3. Agonists Flashcards
Define ‘agonist’
a ligand (neurotransmitter, hormone, drug) that combines with receptors to elicit a cellular response
General steps from an agonist to effect
- receptor
- agonist-receptor complex
- action
- effect
Steps of salbutamol to effect
- B2-adrenoreceptor
- salbutamol-b2 adrenoreceptor complex
- increased cAMP
- bronchodilation
Why is dose important?
- all things are poison in the wrong dose as wouldn’t have effect if they didnt have poisonous qualities
Correct dose of aspirin
300-600 mg
Two types of dose-response curve?
- concentration plotted against effect
- semi-logarithmic plot of agonist concentration against percentage response
Shapes seen on dose-response curve
- if not log its a half semi circle
- if log used, its sigmoidal
Difference between dose and concentration given
- dose is the initial given
- concentration is the amount in the systemic circulation
2 types of dose-response relationships
- graded
- quantal
Explain graded dose-response relationships
- response of a particular system
- in isolated tissue, animal or patient
- measured against agonist concentration
Explain quantal dose-response relationships
- drug doses (agonist or antagonist)
- required to produce a specified response determined in each member of a population
How does a log axis work?
- each unit increase represents an exponential increase on previous value
- base 10 logs are used for dose-response
- 10 fold increase from one unit to the next (1 to 10 to 100
Why is a log used?
to make a concise graph
Why do we plot dose-response graphs?
- allows estimation of Emax
- and of dose required for 50% of Emax/EC50
- allows determination of efficacy and potency
Define ‘Emax’
maximal response with highest concentration in system
Define ‘EC50’
concentration/dose required to produce 50% of maximal response
Define ‘potency’
- the amount of drug needed to produce an effect
- how well a drug binds, the signalling involved and effect recieved at the end
Define ‘affinity’
strength with which an agonist/drug binds to a receptor
Explain the two state hypothesis
- when receptor is resting, when not occupied by agonist (drug or natural product) any basal activity is low
- forms a complex when occupied and equilibrium state shifts - more likely here for receptor to be activated, more receptive to turning on signalling system
- shows how likely it is that the receptor is active or inactive
What does R and R* mean?
- rested
- activated
Affinity is the ratio of …
how easy an agonist (drug or natural product) sticks vs comes off
Receptor saturation is easily/tough to measure/d but …

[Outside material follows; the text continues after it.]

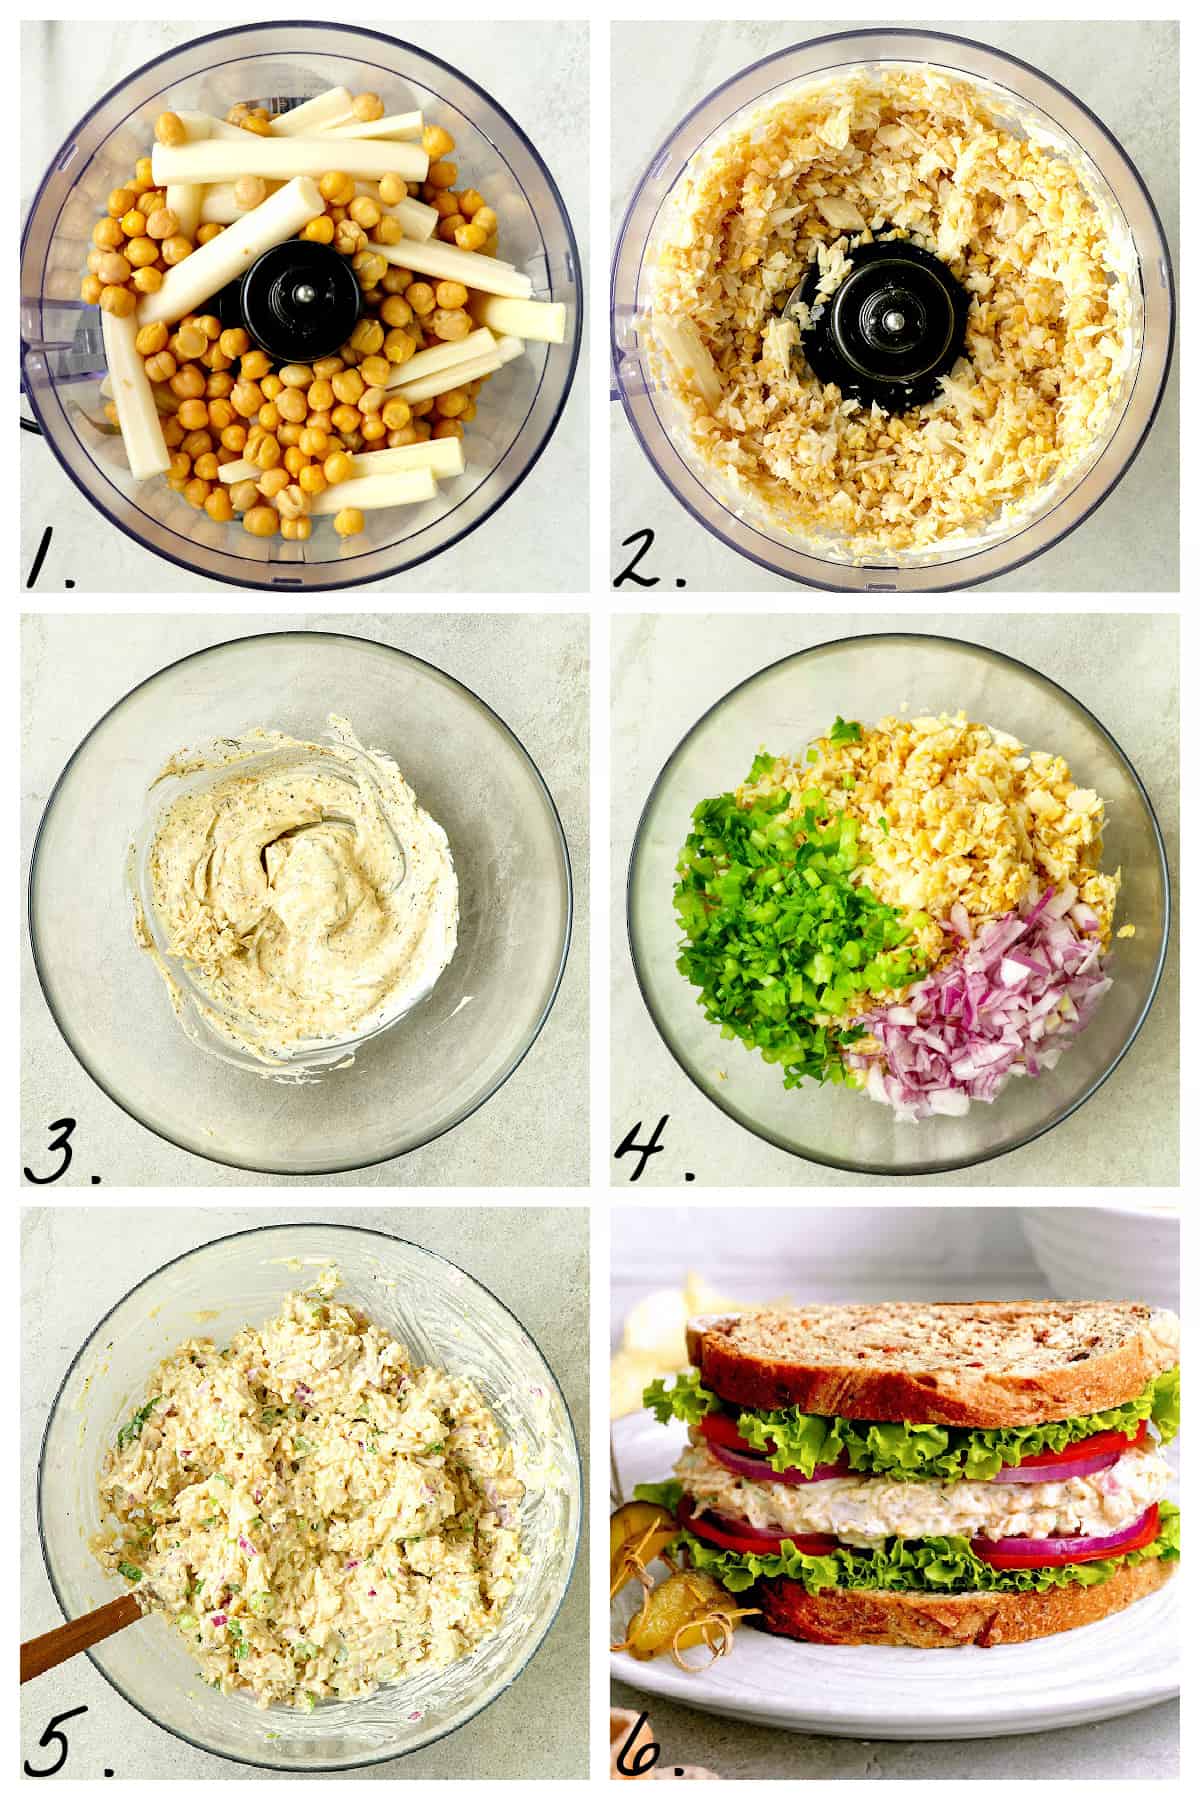 Six process photos showing how to make the sandwich filling.

- easily (with max number of binding sites Bmax)
- difficult to get a measure of how avidly the drug binds (affinity/Kd)
How to find amount of specific binding sites?
total sites - non-specific
How to work out affinity?
- use k1/k-1
- k1 being the rate of association of agonist with receptor
- k-1 being rate of AR complex dissociation
A high affinity drug means what?
- much greater tendency to bind to receptor (much larger k1)

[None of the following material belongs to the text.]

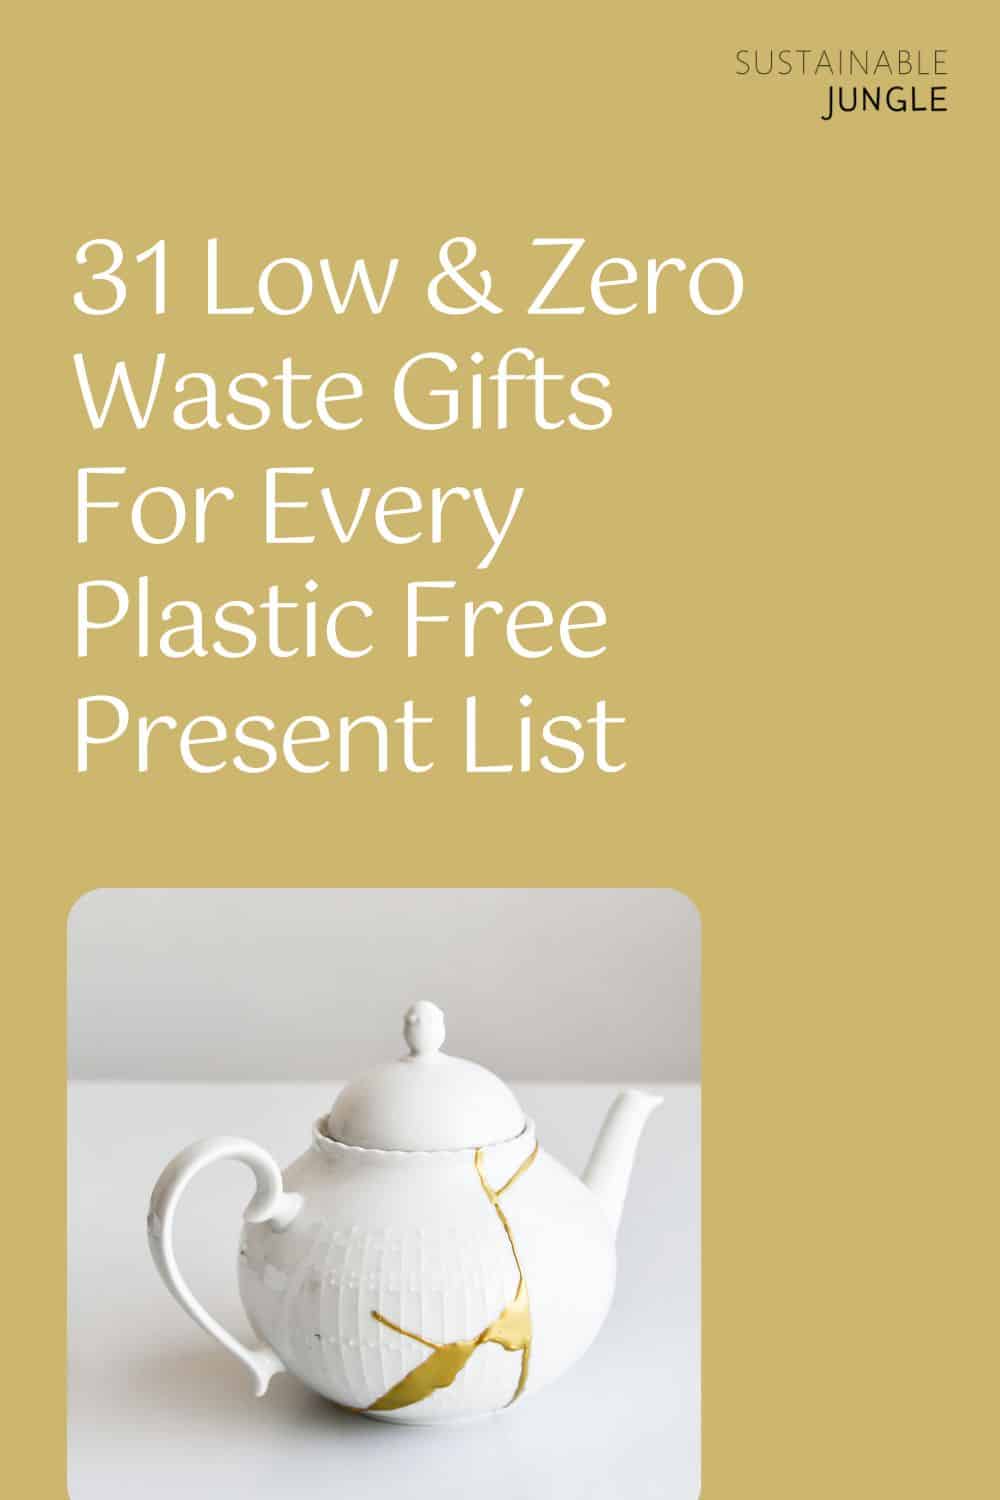 31 Low & Zero Waste Gifts For Every Plastic Free Present List Image by Sugru #zerowastegifts #sustainablejungle

- relative to dissociation from receptor (smaller k-1 value)
Kd is what?
the equilibrium dissociation constant
Define ‘Kd’
- a physiochemical constant
- the same for any given receptor and drug combo in tissue in any species (as long as receptor is the same)
What does Kd tell us?
- can be used to identify unknown receptor
- used to quantitatively compare affinity of diff drugs on same receptor
If we assume a direct relationship between receptor occupancy and response, what can we assume?

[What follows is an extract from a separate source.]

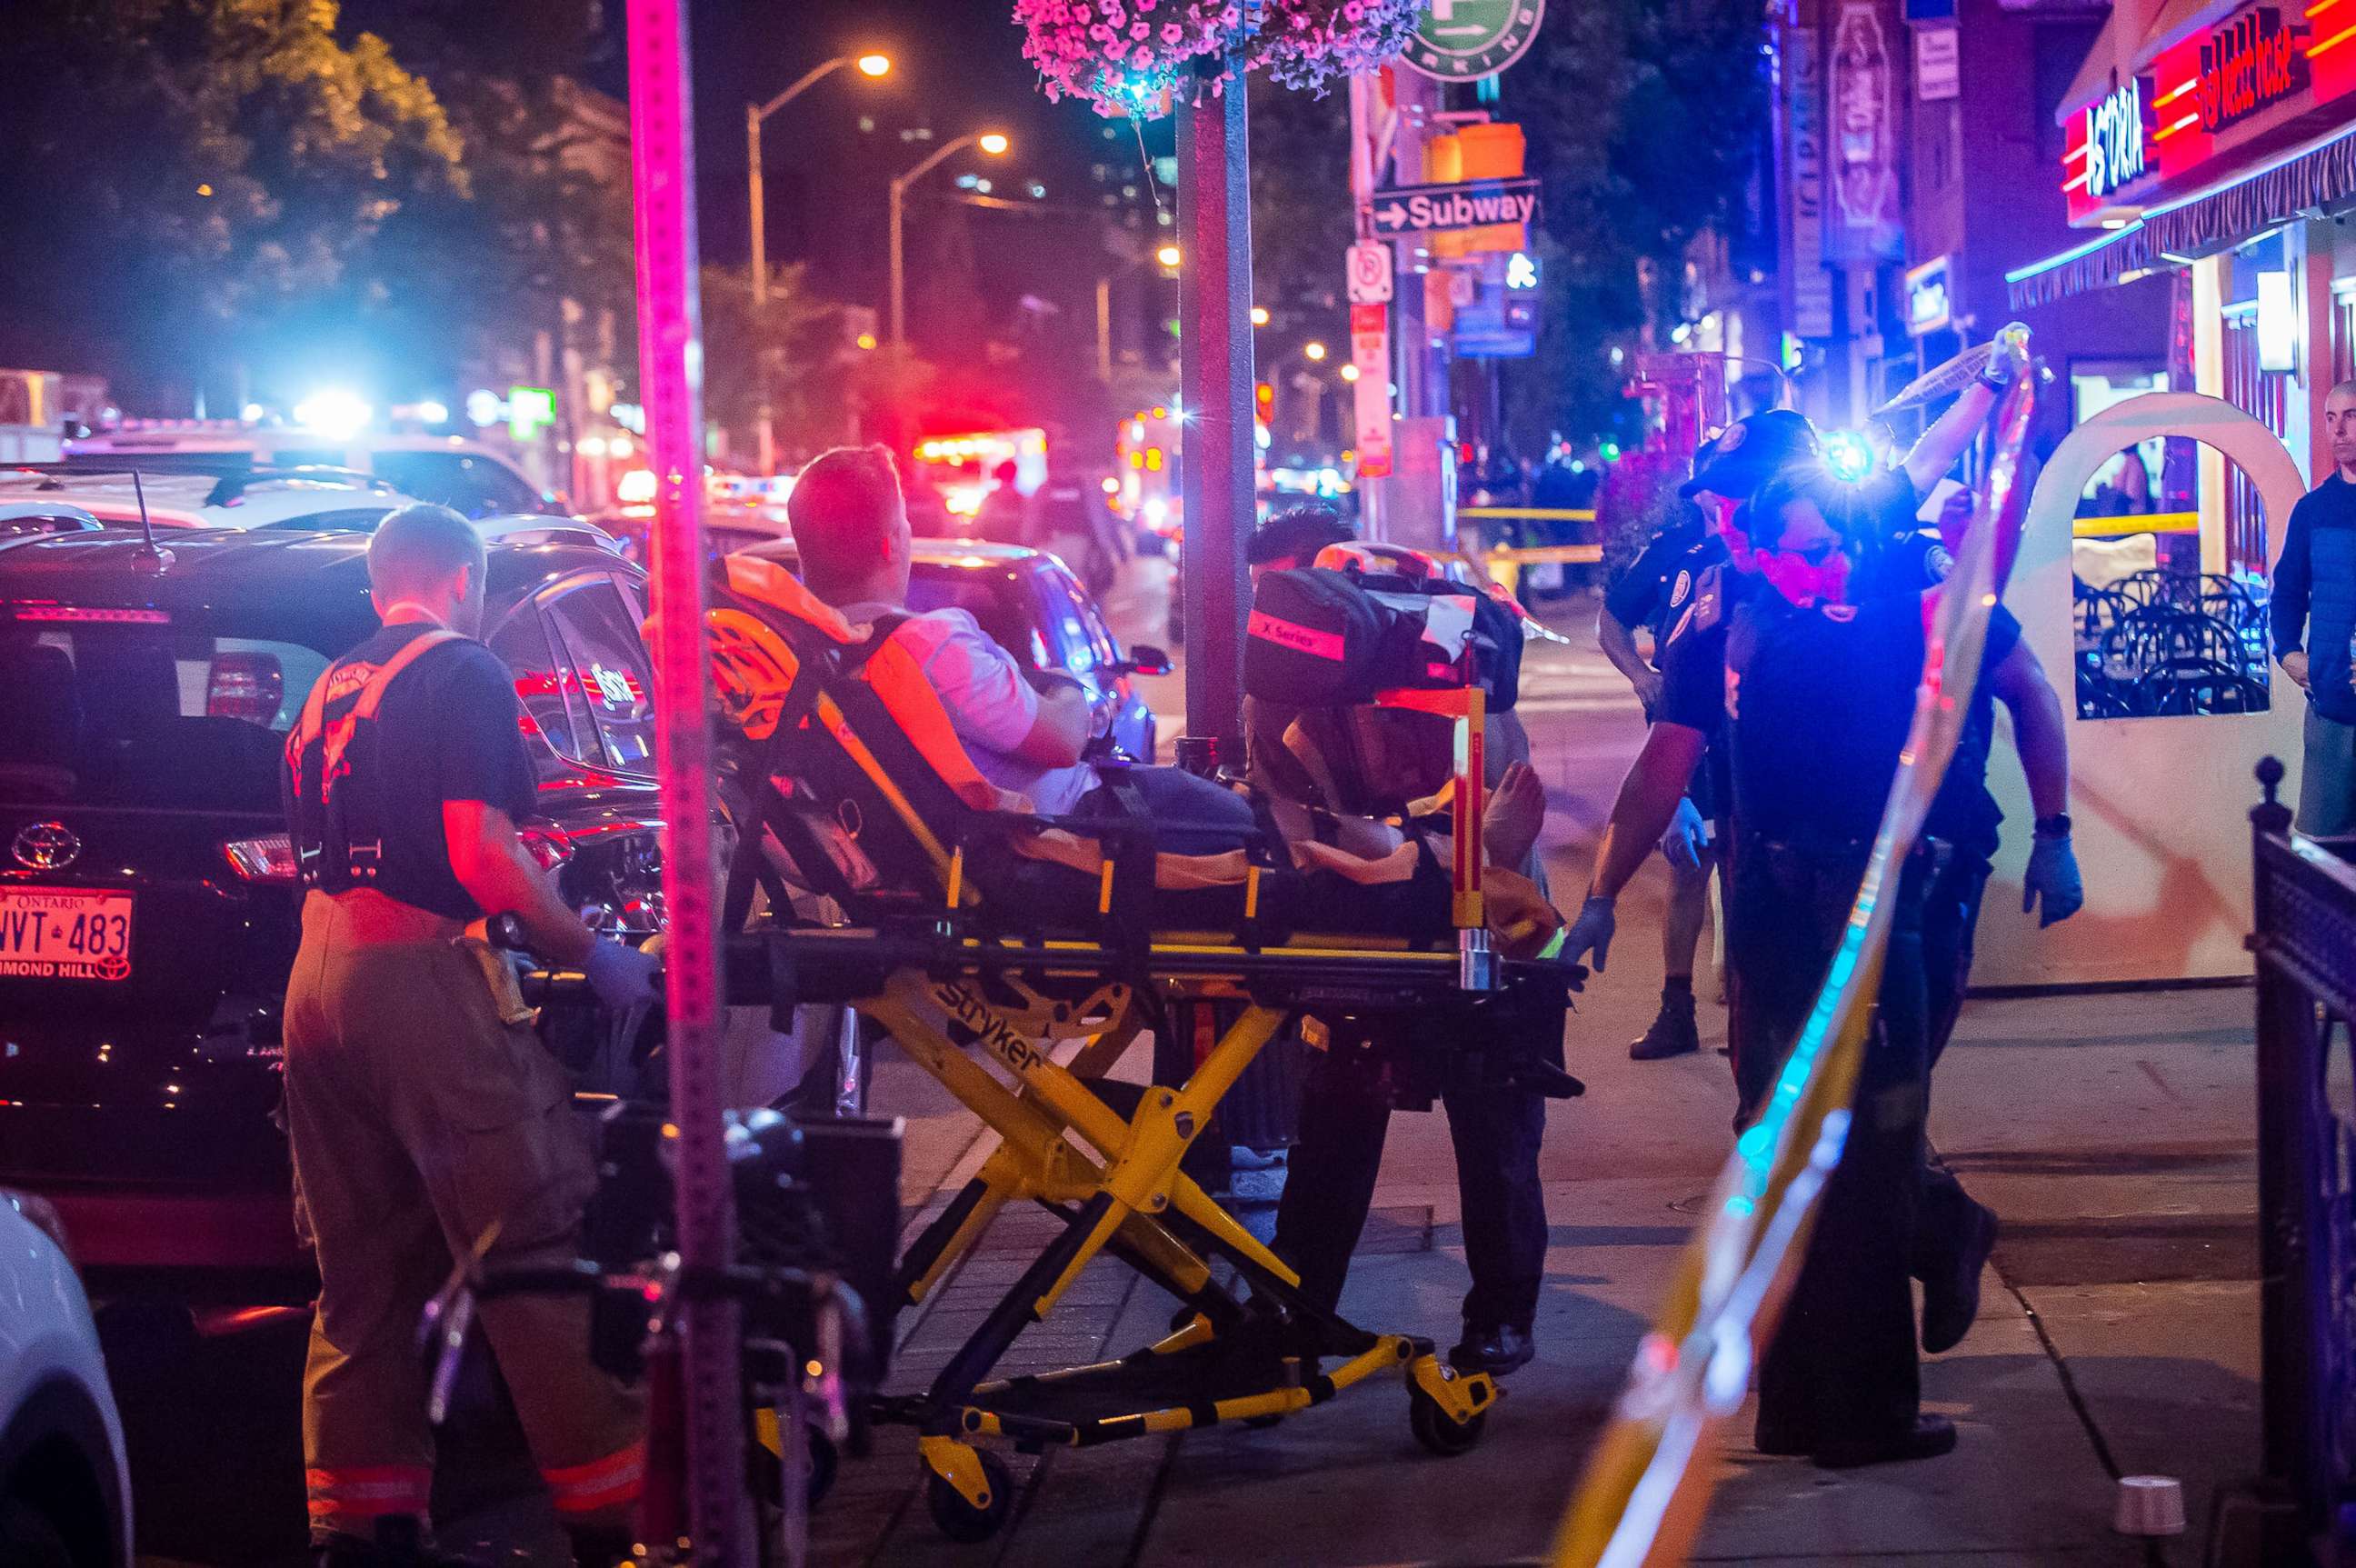 PHOTO: A man is transported in a stretcher after a shooting in Toronto on the evening of July 22, 2018.

concentration of ligand at which 50% of the available receptors are occupied is Kd
- inverse relationship between Kd and affinity
- a lower Kd indicates a tighter ligand-receptor interaction (higher affinity)
How to show inverse relationship between affinity and Kd?
affinity is k1/k-1
Kd is k-1/k1
The lower the Kd, the greater the …
affinity
Can you work out affinity from the dose-response relationship?
- no
- don’t know how many of the receptors are occupied
- need to see % of receptors occupied
True affinity can only be determined by …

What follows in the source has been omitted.